Speaking of crisis...Geoff, and I came home Wednesday evening from taking Ella to the ortho MD for her finger recheck (all clear though she is going to eventually loose her nail...poor baby!) and picking up E to find one of our cats sprawled out on the tile floor in out kitchen. Xochi (pronounced so-chi) is our most skittish, and vocal cat. I came in the house, saw him and instantly knew something was wrong. He lifted his head, looked at me and then just stayed where he was...right in front of a heat vent. I picked him up and he was limp. Geoff pet him and he tensed a little, but he didn't make any attempt to flee. Geoff immediately ran downstairs to get a kennel while I called the vet clinic to let them know I was on my way.

As it turned out Chi-chi (his nickname) was "blocked." This means he couldn't empty his bladder. His kidney values were toxic and he was basically in shock. When I got him out of his kennel at the vet clinic he looked like he was going to have a seizure. Our wonderful vet did a quick, but thorough exam and then stayed late to drain his bladder, give him fluids, do blood work, etc. It took 10 times of irrigating his bladder to get his urine to go from concentrated tomato soup (without the added water) to pink-tinged.

He is doing much better, though he is still not acting like normal. I stopped to visit him yesterday and he actually purred for me (unheard of with this cat). Hopefully he will come home tomorrow. He is part of our Siamese clan and they have been wandering around looking for him...Even though we have a zoo, the balance of our household is off whenever any of the members aren't here.

Other than all that, I'm finally starting to feel much better. I had one sick day this week where I needed to sleep most of the day, but other than that, I've been back at clinicals. I still have an annoying upper respiratory infection, but even that seems better. We'll see how I feel this weekend after chemo.

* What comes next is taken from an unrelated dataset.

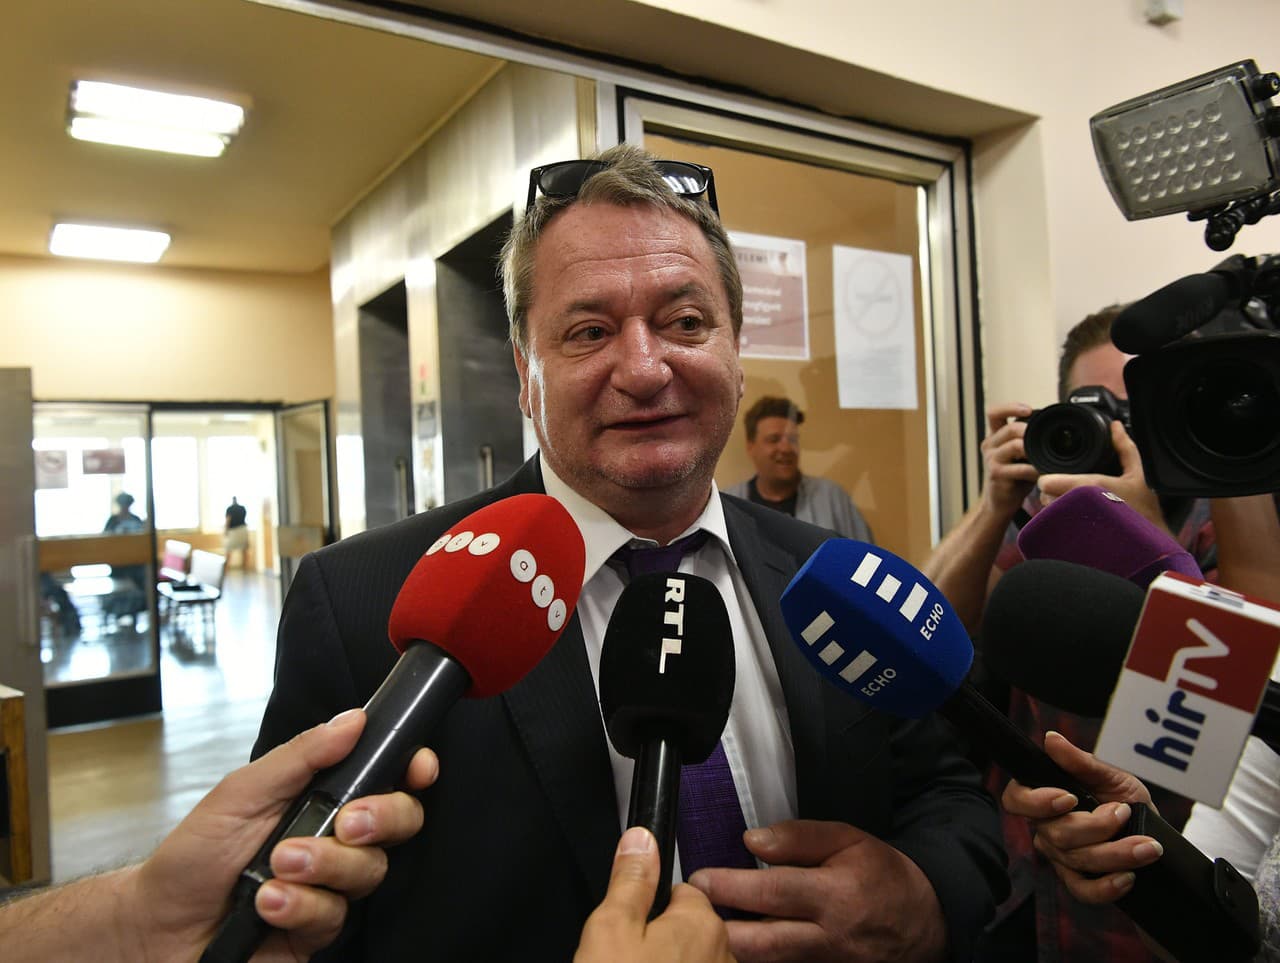 Maďarský poslanec Európskeho parlamentu (EP) za ultrapravicovú stranu Jobbik Béla Kovács
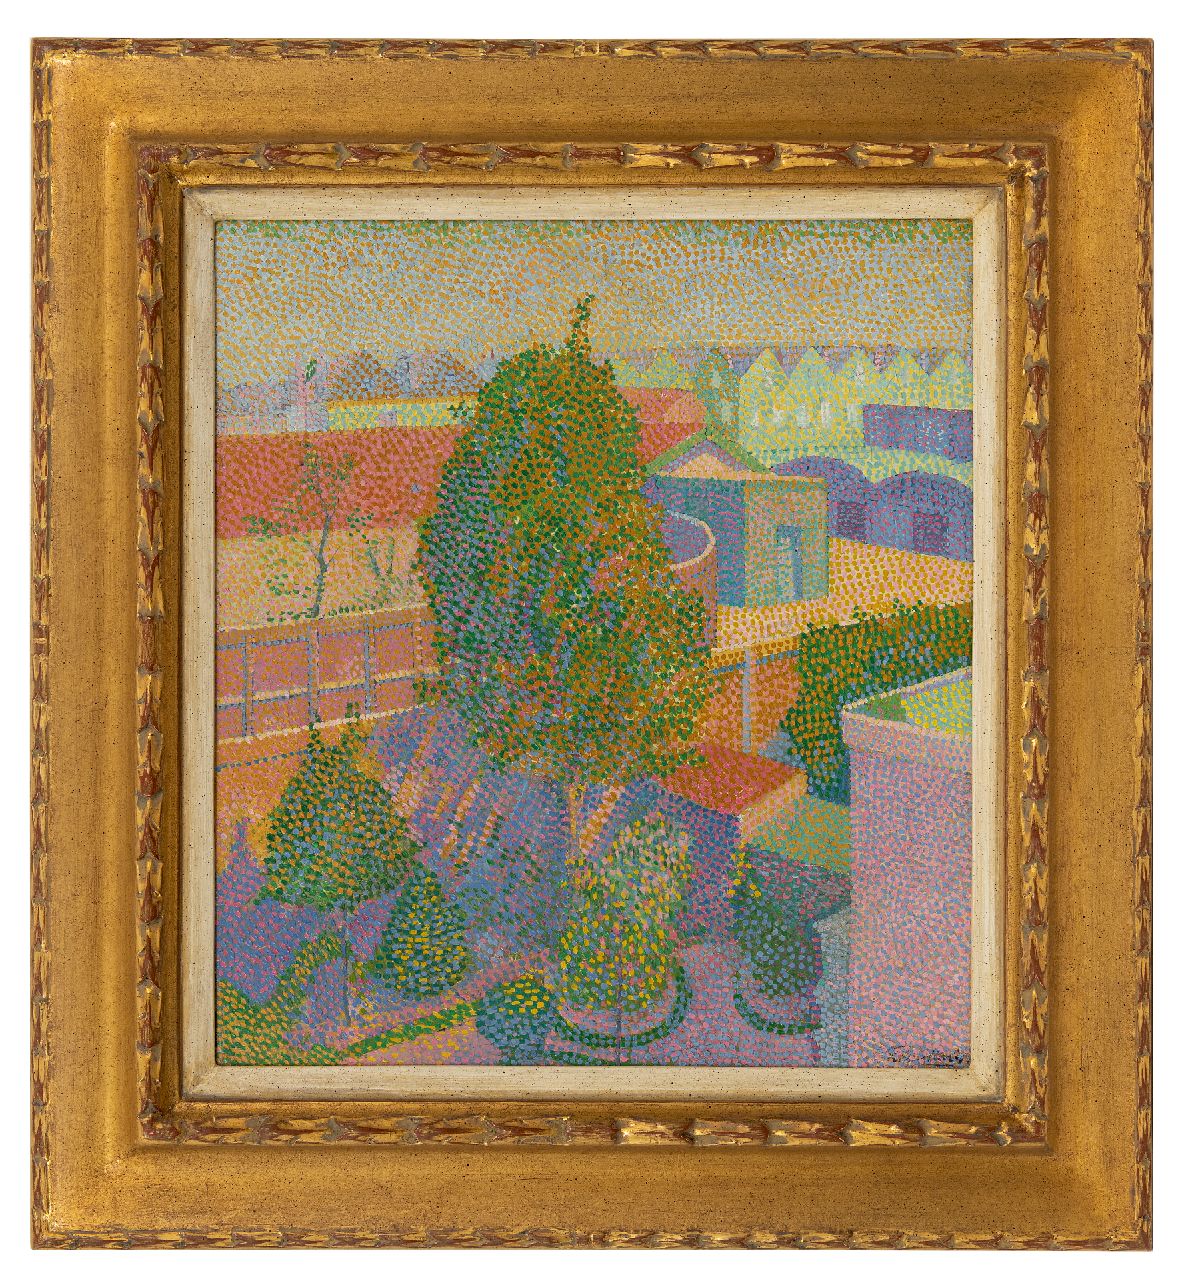 Maris F.J.J.  | Ferdinand Johannes Jacobus 'Frits' Maris | Schilderijen te koop aangeboden | Uitkijk over de stad, olieverf op doek 44,7 x 39,5 cm, gesigneerd rechtsonder

My current chemo regimen goes in 4 week rounds. I get chemo every week, but after 4 of those weeks I have completed another round. Today was the beginning of round 5 out of 6, so I'm getting close to the end. I'm also close to my next scan because we had previously decided to scan after this round again, so that will be mid-February. I'm so hopeful for a clean scan. I can't tell you what I wouldn't do for a clean scan.

This chemo regimen has been really tough. 

It has left me crying more times than I wish to recount. There is nothing I would love more than to move beyond this and look back on it all and reminisce about how strong I really am.